Submitted by Valueaki.
I am an investment banking associate by trade.
I deal with A LOT of private equity firms. They all define themselves as great fundamental value investors that like to back great management teams, etc … As such, it is getting harder to identify true value investors (as defined by Graham) … esp. since Buffett touts investing it great companies at a fair price > a bad company at a great price (he’s not wrong, he’s just confused things)
Even Graham has been misunderstood. In Intelligent Investor, Graham states the best investor is the most ‘business-like.’
This statement of being impartial and un-biased has been confused and read as “the best investors are the ones whose knowledge of the industry rises to that of an operator in said operator’s business” … this confusion, I believe, possibly exists b/c of Buffett’s misunderstood definition of ‘Circle of Competence.’

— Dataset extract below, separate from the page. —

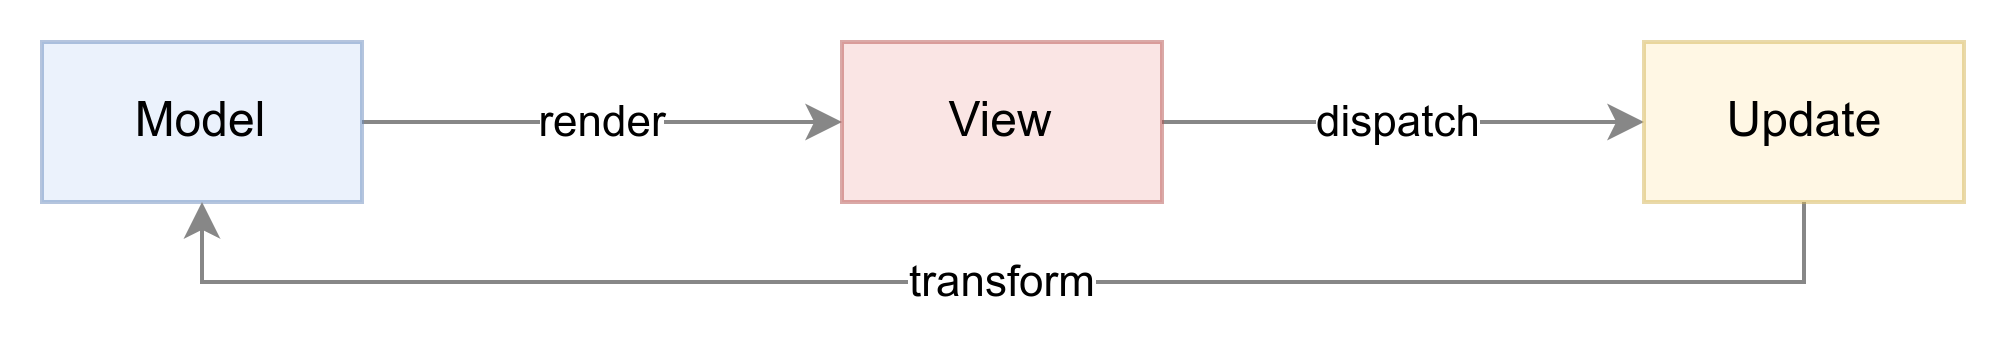 A diagram showing how the MVU architecture propagates changes.

Believe it or not, in Intelligent Investor, Graham actually recommended minimizing all industry analysis …
But here is the tell sign … and no one really quotes this from The Intelligent Investor:
The future itself can be approached in two different ways, which may be called the way of prediction (or projection) and the way of protection.
Obviously these options are on two opposing sides of the spectrum.
But if you fall hard under the ‘prediction’ side, you start asking too many due diligence questions, get too involved, expose yourself to too many biases to act rationally, probably have high due diligence costs, etc. and will almost always never buy a bargain. You sacrifice value to fulfill your curiosity.
When selling companies as a banker, I often think that I’d greatly help the private equity investor’s investment process if I limit the amount of questions he/she can ask the bankers or management team. If you ask too many questions, you don’t have an investment philosophy that you have internalized…
Food for thought …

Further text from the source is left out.